**Work instructions**
Where the listing shows an image, skip it and output all other material unchanged.

**Data segment**
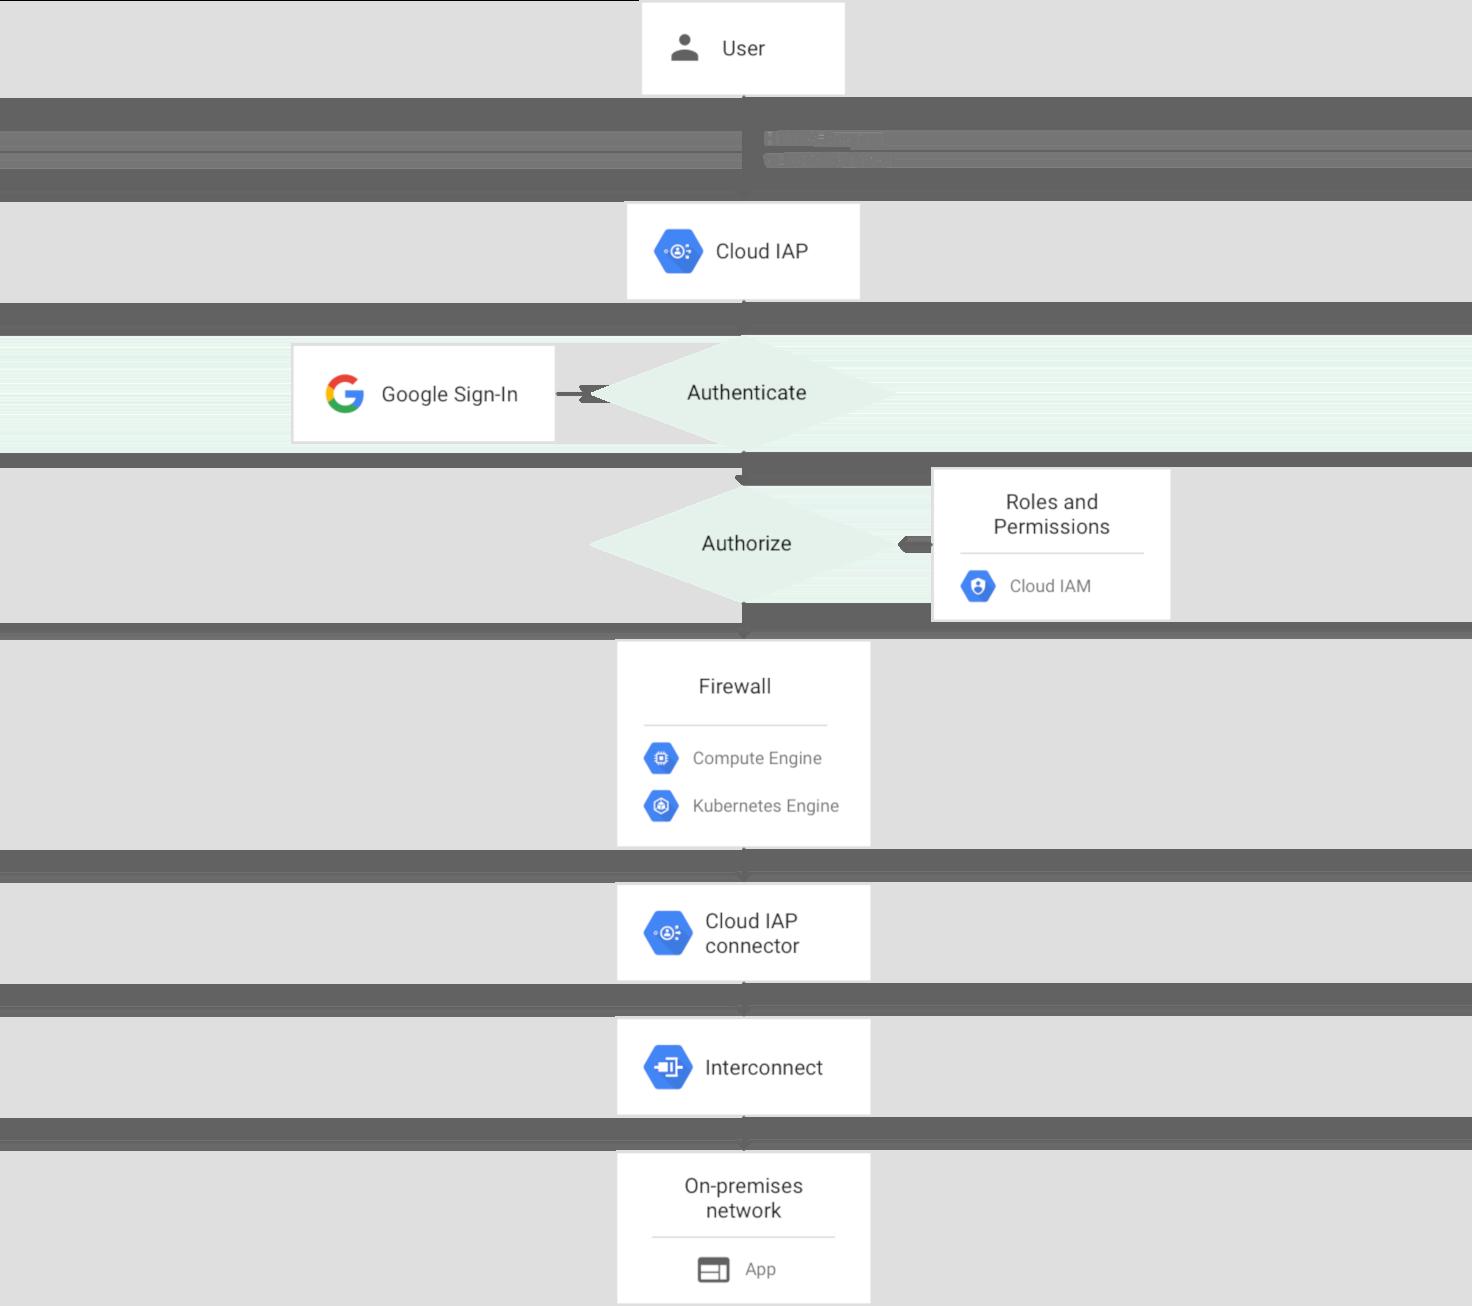 Diagramm des Anfragepfads zu einer lokalen Anwendung bei Verwendung von Cloud IAP
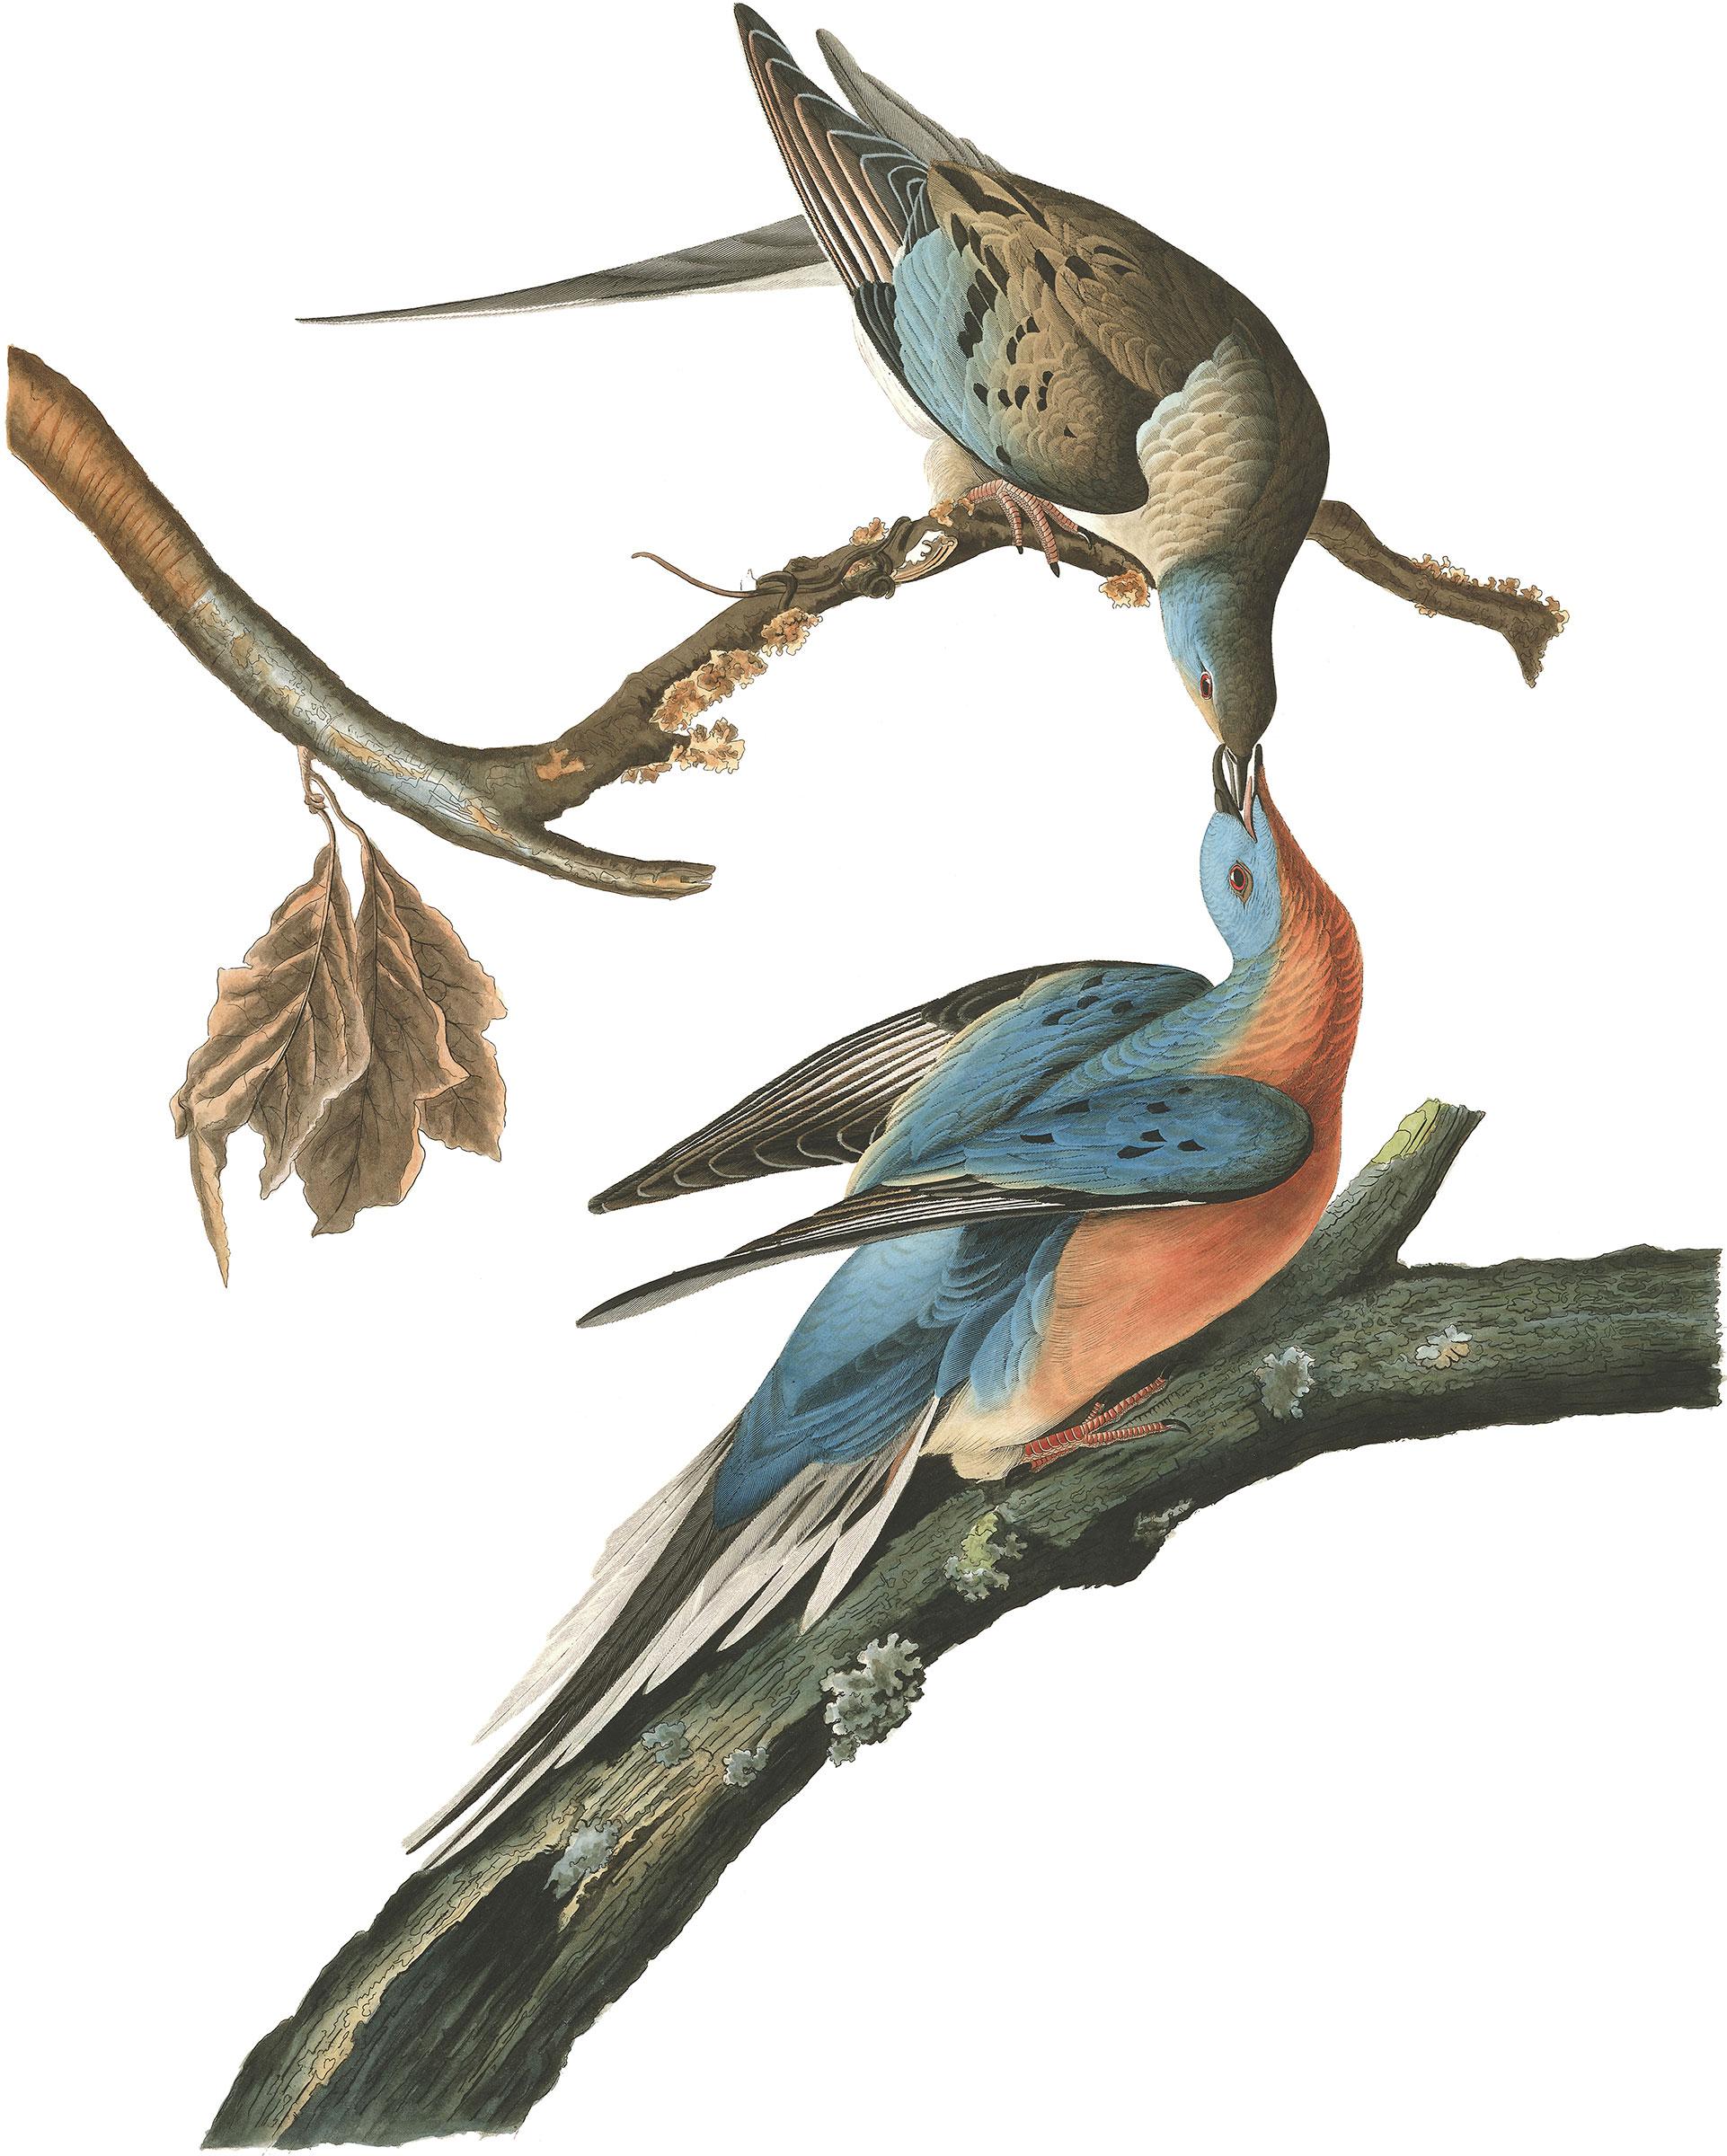 Illustratiion: John James Audubon
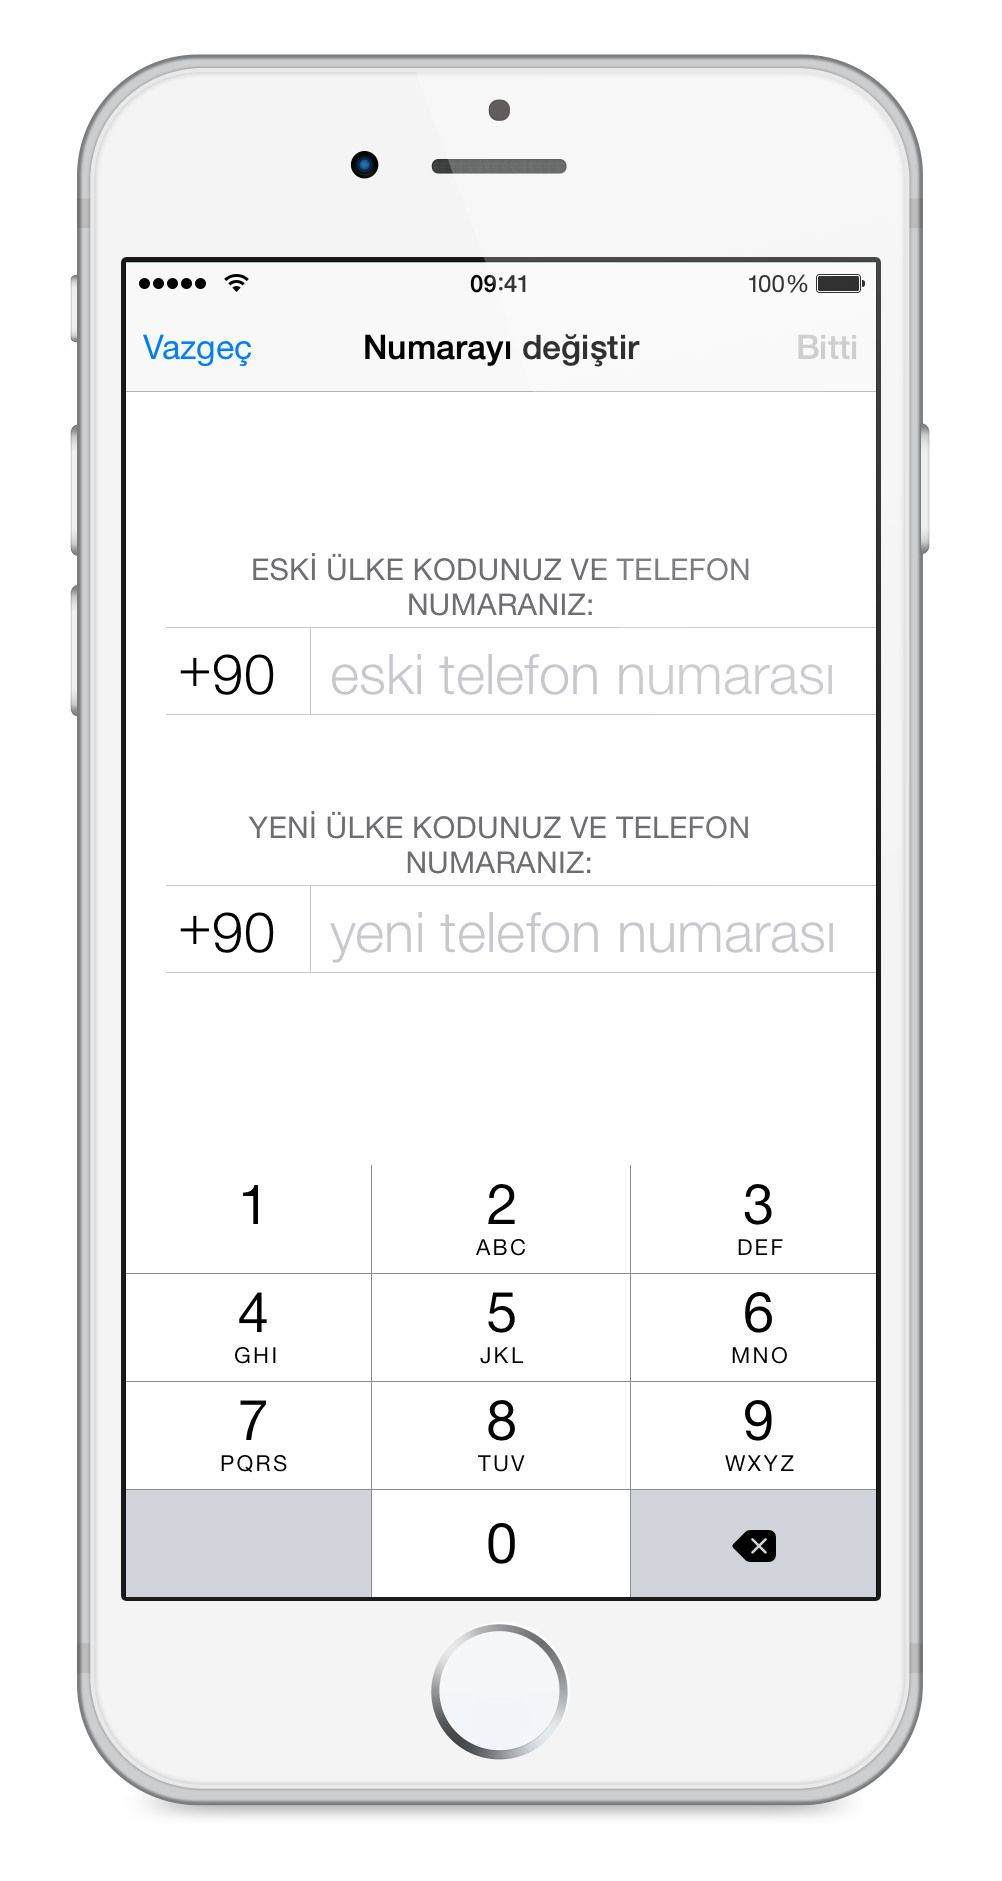 iPhone'umda WhatsApp Telefon Numaramı Nasıl Değiştirebilirim-2

**Answer to the problem**
 Diagramm des Anfragepfads zu einer lokalen Anwendung bei Verwendung von Cloud IAP
 Illustratiion: John James Audubon
 iPhone'umda WhatsApp Telefon Numaramı Nasıl Değiştirebilirim-2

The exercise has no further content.